Hunnicutt was born in Asheville, North Carolina, to James Ballard Hunnicutt and Ida Belle Black. He altered his birth certificate to enlist in the U.S. Army in September 1943. On 30 April 1945, while assigned to the 7th Infantry Division on Okinawa, he was wounded by enemy mortar fire when his machine gun squad was countering a Japanese attack near Hacksaw Ridge. Shortly after the fight, 10th Army Commander General Simon Bolivar Buckner Jr., came onto the scene, and awarded PFC Hunnicutt the Silver Star and a promotion to Sergeant. Gen. Buckner would be killed in action nearly seven weeks later on the same island by enemy artillery fire. After the war, he was transferred to Europe, where he completed his army enlistment while stationed in Frankfurt, Germany.

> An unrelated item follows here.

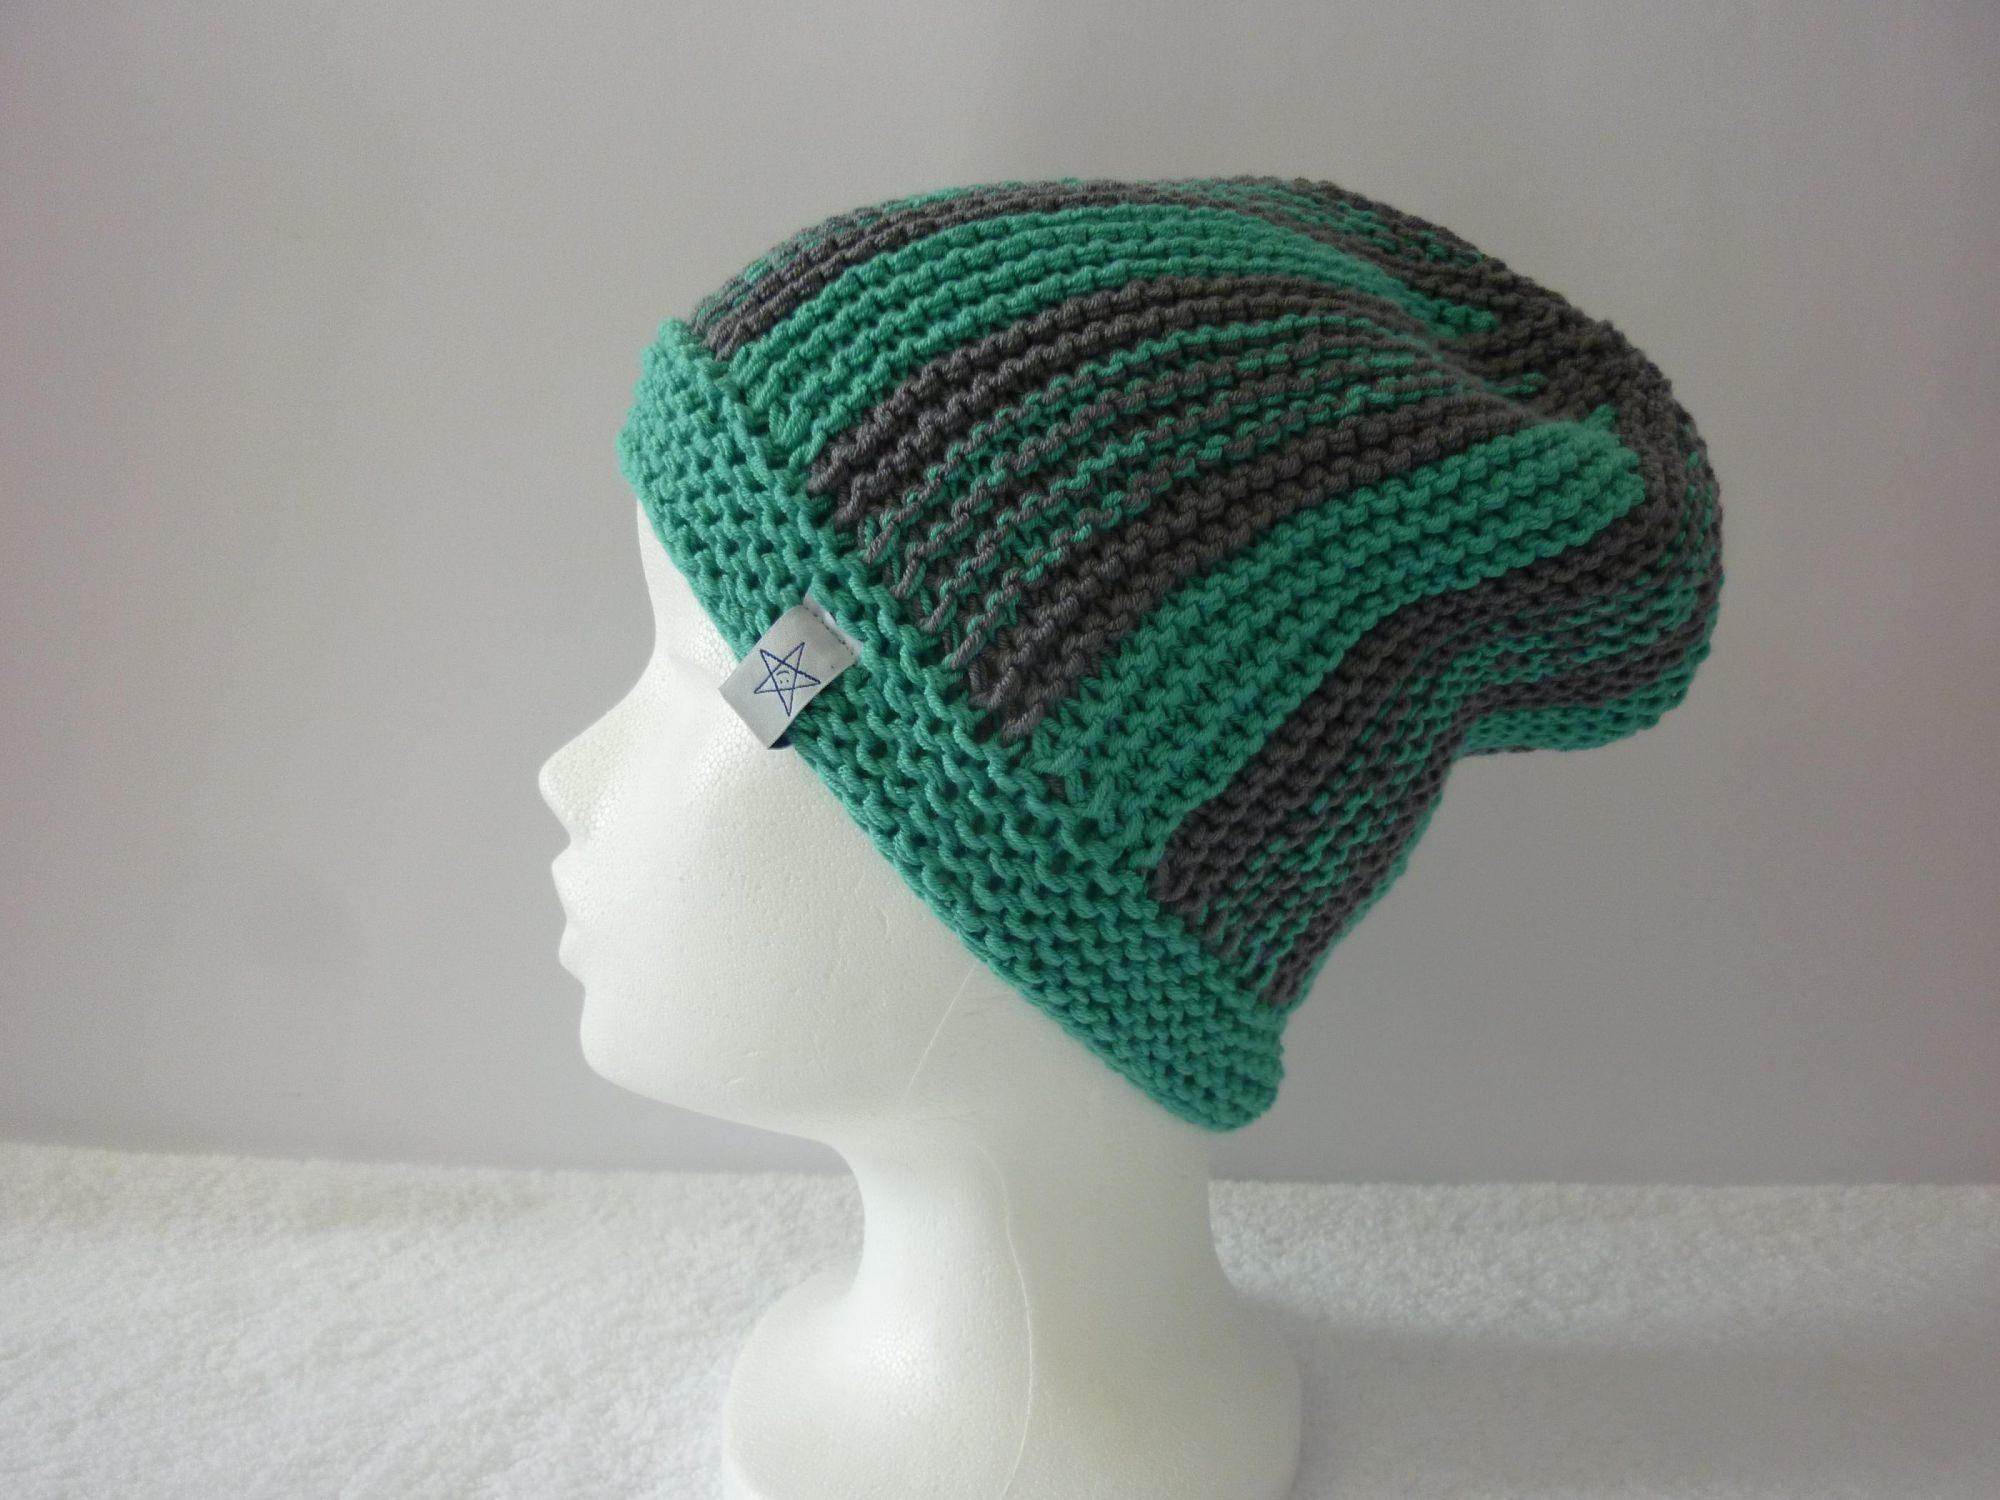 - Strickmütze grüntürkis und grau aus Baumwolle handgestrickt - Strickmütze grüntürkis und grau aus Baumwolle handgestrickt

He earned a master's degree in engineering from Stanford University and later worked at General Motors. He met his future wife Susan Haight in Detroit. Later he worked as a metallurgist, consultant and partner in an engineering firm, ANAMET Laboratories. Hunnicutt was a nationally recognized expert in metal fatigue.

Hunnicutt was one of the founders of the U.S. Army Ordnance Museum at Aberdeen Proving Ground and a frequent contributor to the Patton Museum at Fort Knox.

Hunnicutt is mainly known for his research in the history and development of American armored fighting vehicles. He authored many books on American military vehicles.

Historian Steven Zaloga described the multi-volume study as "essential cornerstone for anyone interested in U.S. tank history".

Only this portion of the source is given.